Closest vector index: 2
Distance: 0.8336664842668186
Sorted indices by distance: [2 1 4 3 7 5 9 8 0 6]


In [27]:
festival_talks[closest_index]

'🎨🤖 AI & the Soul of Art: Who Really Owns Creativity? — Artists, coders, and philosophers debate the rise of generative art. Can machines make meaning? And where does human intuition still reign supreme?'

In [29]:
# Sort festival_talks according to the sorted_indices
sorted_festival_talks = [festival_talks[i] for i in sorted_indices]

# Optionally print it
for num, talk in enumerate(sorted_festival_talks):
    print(num+1, talk)
    print()

1 🎨🤖 AI & the Soul of Art: Who Really Owns Creativity? — Artists, coders, and philosophers debate the rise of generative art. Can machines make meaning? And where does human intuition still reign supreme?

2 🧠 Neural Frontiers: The Brain-Computer Interface Revolution — From thought-controlled devices to memory enhancement, dive into the fast-evolving world of brain tech — and the ethical mazes it brings.

3 🪐 Planet B: Terraforming Ideas for Earth 2.0 — Science fiction meets climate urgency. This talk blends real research with wild speculation — from Mars domes to floating cities in the clouds of Venus.

4 💼🚫 Post-Work: Imagining a Life Beyond Jobs — As automation reshapes labor, what comes next? UBI, digital nomadism, reputation economies — a candid discussion about freedom, purpose, and survival.

5 💻⚖️ Code as Culture: Programming the Future We Want — Code is not neutral — it shapes societies. This talk explores how developers are becoming the new lawmakers, and how we hold them acc

So for real retrieval we have to set a retrieval count of how many documents we want to retrieve e.g. **k=3**

In [32]:
retrieved_festival_talks = sorted_festival_talks[:3]

Let's now make our final call

In [36]:
retrieved_content = '\n\n'.join(retrieved_festival_talks)

chat_response = chat(model='gemma3:1b', messages=[
    {
    'role': 'user',
    'content': 'User Question:\nI am interested in AI talks\n\n' + 'Answer the user question on festival talks as best as you can based on the retrieved festival talks\n\nRetrieved content:\n\n' + retrieved_content,
    },
])

display(Markdown(chat_response.message.content))

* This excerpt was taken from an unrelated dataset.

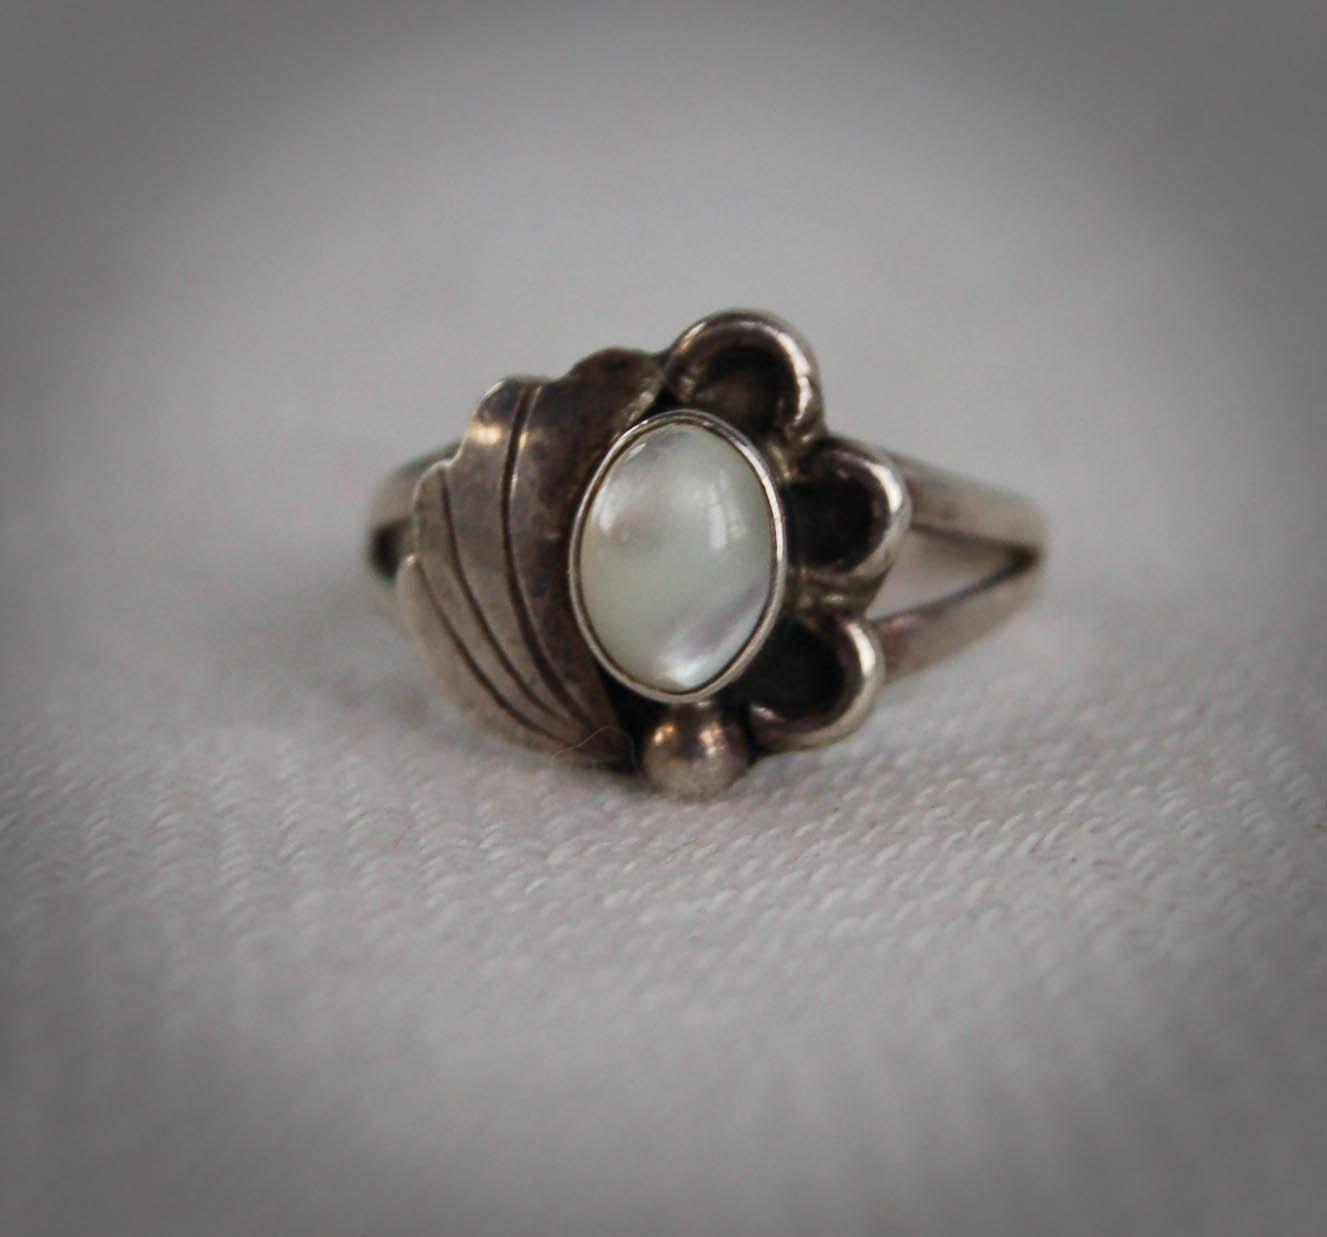 jewelry etsy - HD1327×1237

Okay, based on the retrieved content, here’s a breakdown of potential AI talks at a festival, categorized and with a focus on what might be engaging:

**1. Focus on AI & the Soul of Art:**

*   **“🎨🤖 AI & the Soul of Art: Who Really Owns Creativity?”** – This is a strong candidate. It directly addresses a significant and evolving topic: the role of AI in creative expression.  It probes the question of meaning and ownership in art – a really compelling conversation.

**2. Focus on Brain Tech:**

*   **🧠 Neural Frontiers: The Brain-Computer Interface Revolution** – This talk is highly likely to be relevant.  It touches on the core themes of AI and the brain, which is ripe for discussion and potentially offers fascinating insights.

**3. Focus on Climate Change & Earth Transformation:**

*   **🪐 Planet B: Terraforming Ideas for Earth 2.0** –  This talk, while more speculative, could be captivating. The combination of real science and imaginative world-building makes it potentially highly engaging for a festival audience.


---

**To help me refine this further and suggest *more* relevant talks, could you tell me:**

*   **What kind of festival is it?** (e.g., Tech, Science, Arts, etc.?)
*   **What is the overall tone of the festival?** (e.g., Serious and academic, lighthearted and exploratory?)

## Conclusion

Okay we saw that the whole idea of retrieval augmented generation is quite simple and depends on augmenting the LLM with extra context in the prompt. The context could also be retrieved if there is a lot of content and we are not able to just stick everything in the prompt. Now we already have a nice RAG chatbot coded by hand!!